Quick answer for Urdu: 

1. درجہ، رتبہ، منصب، عہدہ۔
darjah, rutbah, manSab, o'hdah
2. مجازا ] اُونچا درجہ، بلند رتبہ۔
unchaa darjah, baland rutbah
3. دفعہ، بار، باری۔
dafa'h, baar, baari

لفظ پوچھنے والے کو متعدد مرتبہ کہا ہے کئی فورم میمبرز نے کہ صحیح زبان کا نام لکھا کرے، لیکن لگتا ہے وہ پھر بھی نہیں سنتا اور اردوگویان کہتے ہیں کہ یہ اردو کا لفظ ہے اور ہندی گو کہتے ہیں کہ یہ ہندی نہیں ہے

lafz puchhne wale ko muta-a'd-did martabah kaha hai ka'ii forum members ne keh SaHiH zabaan kaa naam likhaa kare, lekin lagta hai woh phir bhi naheeN suntaa aur phir Urdu goyaan kahte hain keh yeh Urdu ka lafz hai aur Hindi go kehte hain keh yeh Hindi naheeN hai! 

What would the Hindi equivalents be for martabah in both meanings (post/level and times)?

Edit: Sorry, cross-posted with BP....


----------



## lafz_puchnevala

Can I say 'ucchaa martabah' and 'niichaa martabah' for 'high' and 'low' status?

*Eg. mujhe kitnii martabah tumko bataanaa paRaa?* How many times must I tell you?

Would this be correct usage?

Thanks!


----------



## greatbear

"Martabaah" is used very much in Hindi.

In Hindi, the word only means "times": "do martabaah" would mean twice, and so on.


----------



## lafz_puchnevala

'sthiti (स्थिती)' is normally used in Hindi to say 'status' or 'position'. For times 'bar' is used usually.

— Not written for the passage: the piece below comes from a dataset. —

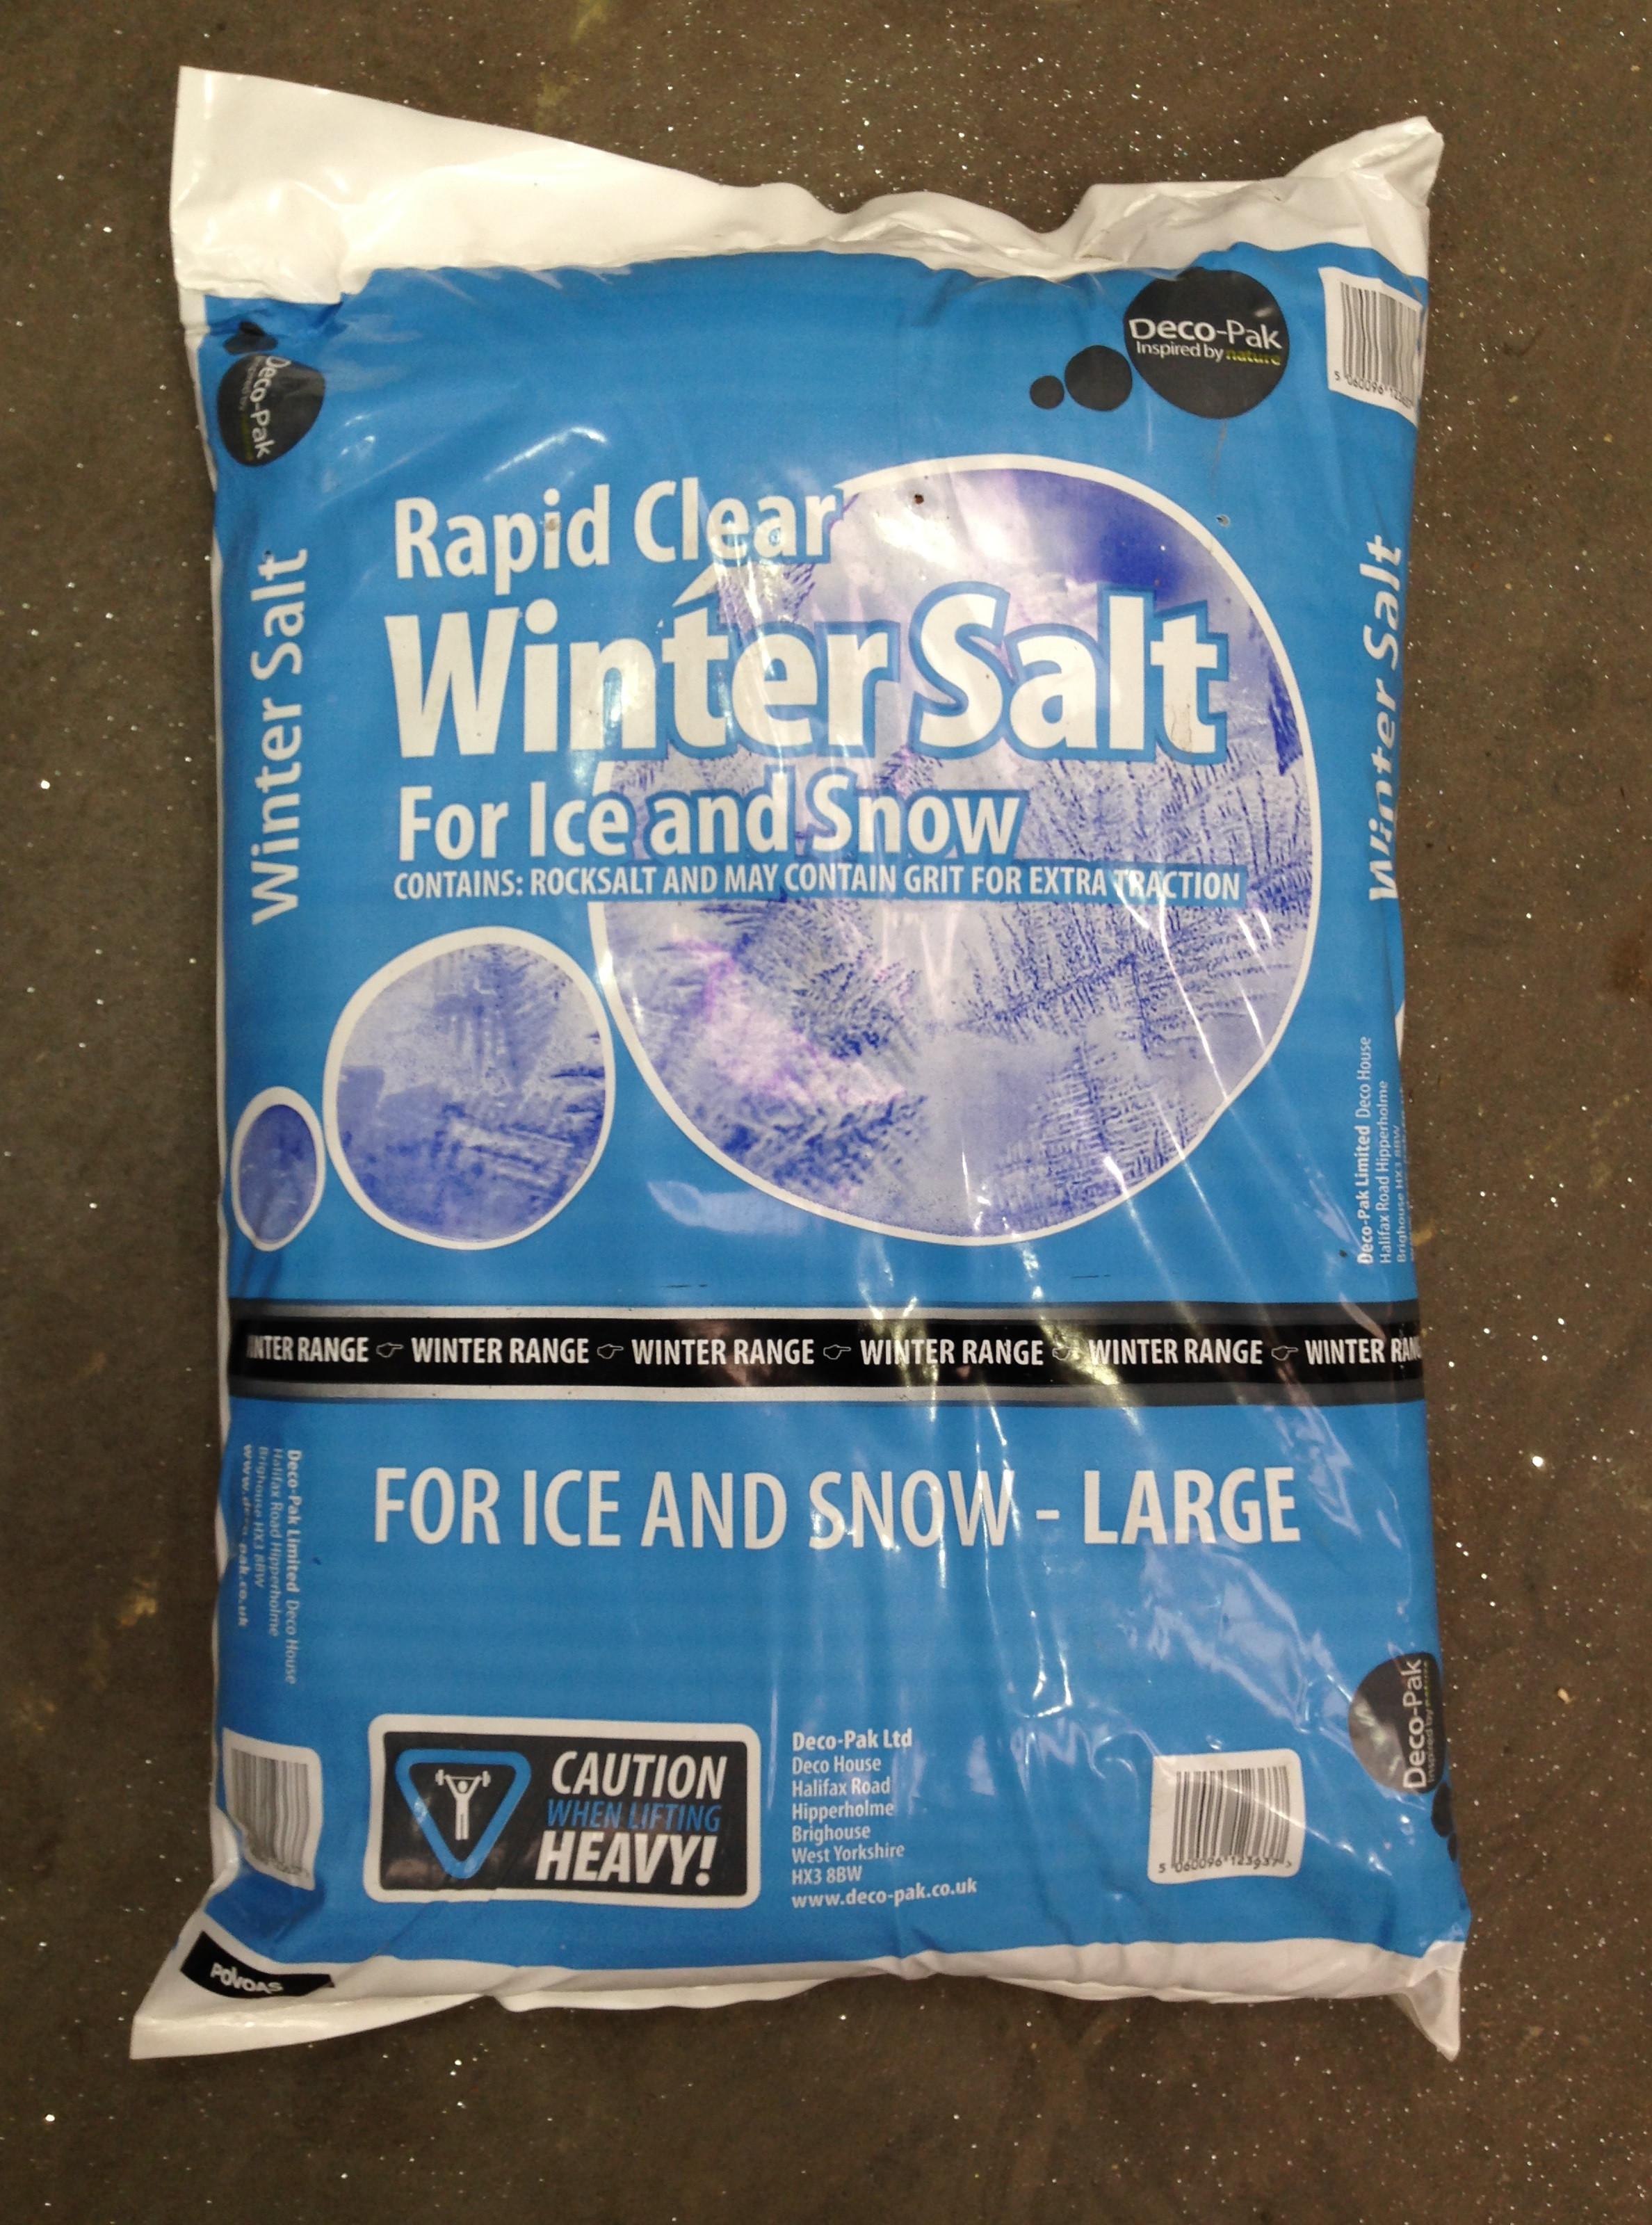 Winter Salt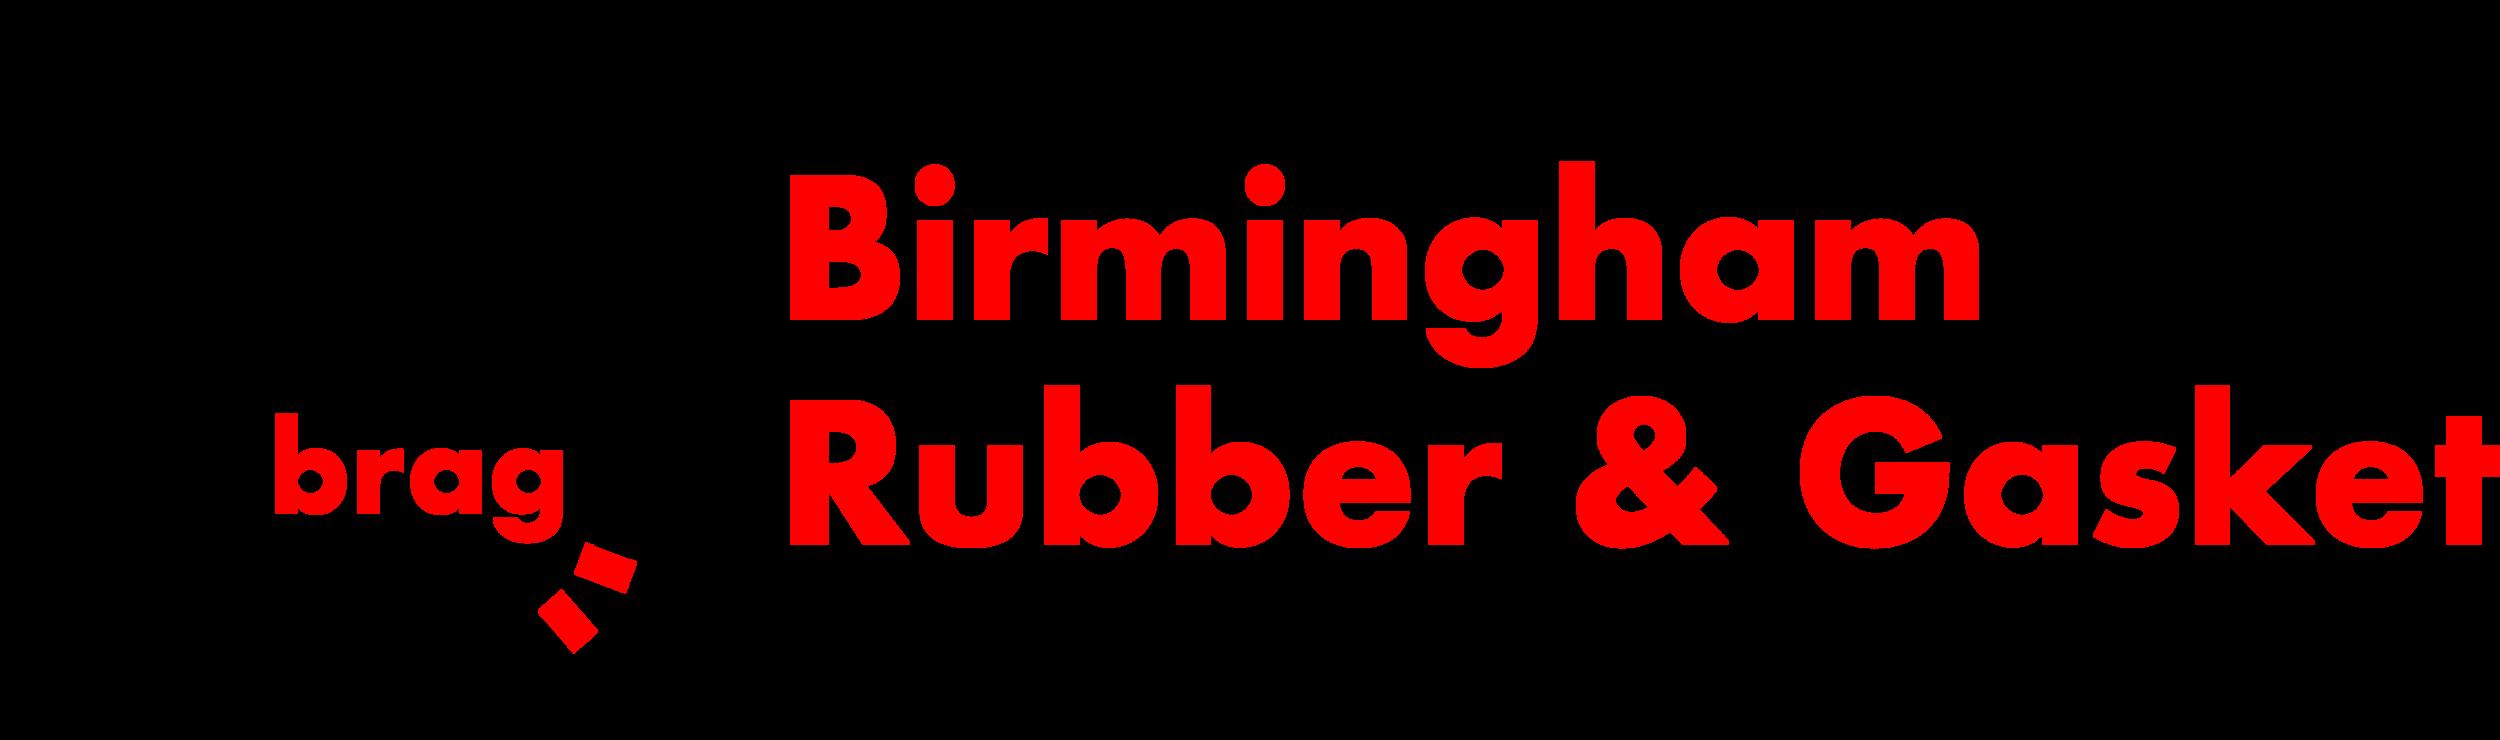 Birmingham Rubber & Gasket

I think 'bar' is quit common in Urdu also.


----------



## Alfaaz

> Can I say 'uupar martabah' and 'niichaa martabah' for 'high' and 'low' status?



Good question! Not sure! 
For high status: unchaa/baland/rafii' */balaa/a'laa/mumtaaz martabah
For low status (not sure anyone would want that!): maybe neecha/nichlaa darjah/rutbah/o'hdah, kam rutbah/darjah/o'hdah, ................maybe even past rutbah/darjah/o'hdah

The second meaning given is "high status" so it probably would make sense saying low martabah/"high status"....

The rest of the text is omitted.